La parentalité proximale n’est pas une forme de laxisme

La parentalité proximale n’est pas une forme de laxisme

La parentalité proximale est souvent amalgamée ou confondue avec une certaine forme de laxisme.

 

Le laxisme serait une forme de parentalité qui s’apparente au « laisser-aller ». Le parent devrait répondre à toutes les demandes de l’enfant et lui éviter toute forme de frustration. Un système dans lequel l’enfant n’aurait aucune limite.

La parentalité proximale signifie de répondre, autant que possible, aux besoins fondamentaux primaires des tout-petits : succion, attachement, proximité, sécurité, affection, tendresse, amour. 

L’enfant bénéficie d’un cadre sécuritaire et défini dans lequel il a autant de liberté que possible pour explorer, créer, bouger, toucher afin de favoriser son développement moteur, intellectuel et émotionnel. Les parents misent également sur la capacité innée des enfants à s’auto-discipliner lorsqu’ils sont considérés et respectés. La parentalité proximale prend également en considération le développement affectif et social de l’enfant. Ainsi, il n’est aucunement suggéré que nous devons accepter tous les comportements et demandes des enfants.

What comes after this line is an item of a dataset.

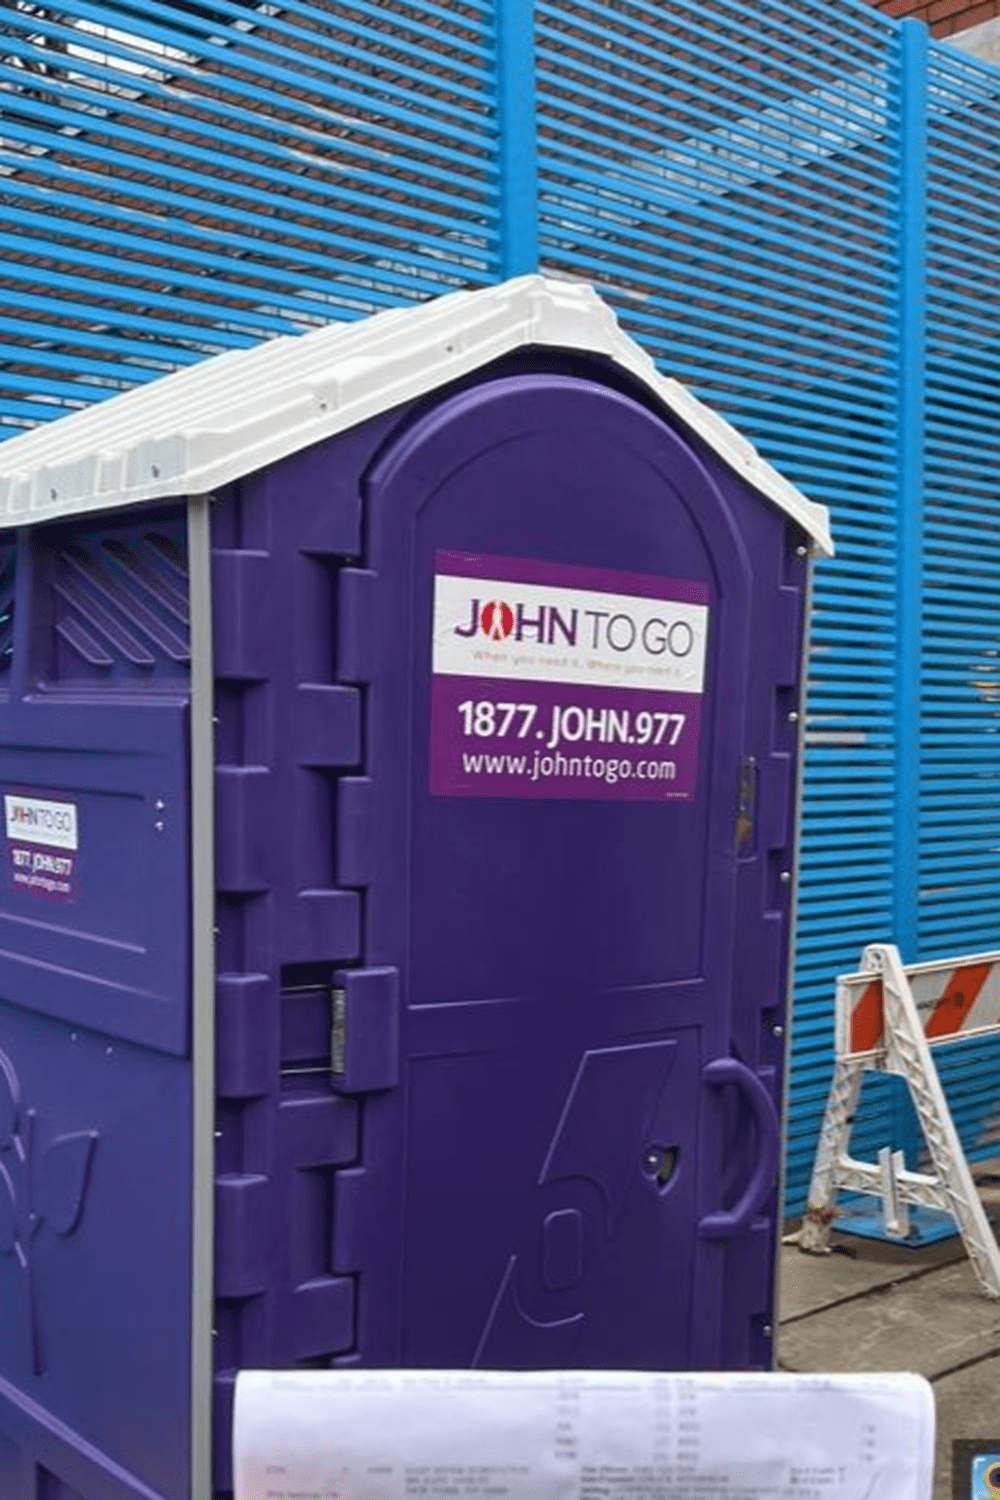 Porta john for construction sites near me

Prenons cet exemple. Un enfant souhaite avoir un gâteau au chocolat pour le souper. Le parent lui refuse en lui expliquant pourquoi. L’enfant pourra exploser de colère suivant ce refus. Un parent laxisme voudrait éviter que l’enfant fasse une crise, soit pour lui éviter une souffrance soit pour s’éviter à lui-même de faire face à la crise de l’enfant qui peut être très difficile à contenir.

À l’inverse, la parentalité proximale permet de reconnaître le sentiment de l’enfant : la frustration. La frustration n’est pas un caprice!

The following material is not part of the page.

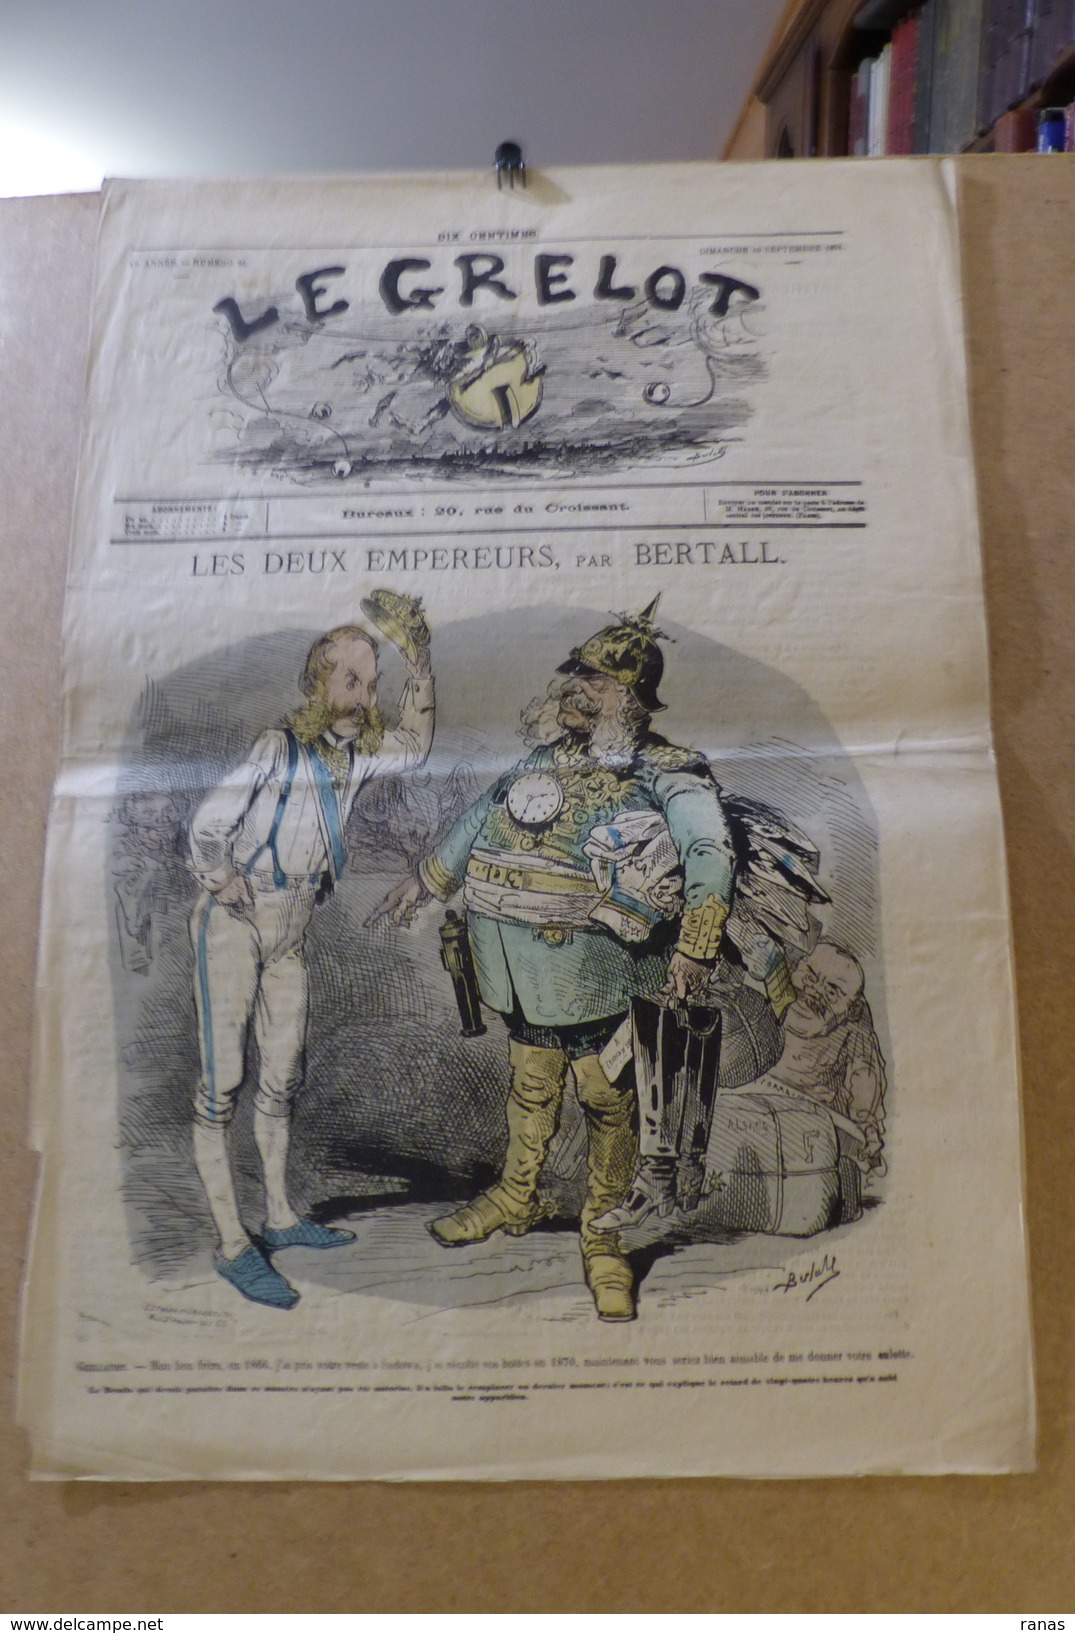 Revue Journal Le Grelot Satirique Caricature 50 X 32 Germany Allemagne Bismarck N° 22 De 1871 Guillaume - 1850 - 1899

Les refus entrainent beaucoup de frustration, particulièrement chez le jeune enfant. Suivant son développement affectif, celui-ci est bouleversé par les contraintes et la force de sa frustration est particulièrement intense et violente. Certains gestes inacceptables peuvent également déferler. En aucun cas la violence doit être acceptée par le parent. Cependant, le parent peut arrêter doucement les gestes impulsifs de l’enfant, sans mettre d’emphase négative sur ceux-ci. Le cerveau d’un enfant est encore immature et seul, l’enfant ne peut arriver à maîtriser sa frustration. Il a besoin de la présence sécurisante d’un adulte qui le reconnaîtra dans sa frustration et le mènera progressivement vers la tristesse, les larmes et l’acceptation, donc progressivement vers le chemin de la résilience.

Accompagner l’enfant à traverser sa frustration n’est pas de répondre à un caprice mais bien de répondre à un besoin émotionnel.

Par ailleurs, l’amalgame entre parentalité proximale et « un enfant roi » est souvent faite. Nous confondons ici également deux éléments qui sont pourtant bien différents. Un enfant roi est un enfant qui n’a malheureusement pas connu suffisamment de frustration et de connexion bienveillante et empathique avec les adultes qui l’accompagnent. Ainsi, ce n’est pas le parentage de proximité qui crée l’enfant roi mais bien le fait d’éviter toutes frustrations à l’enfant et surtout, de ne pas être à l’écoute des véritables besoins qu’il tente d’exprimer maladroitement.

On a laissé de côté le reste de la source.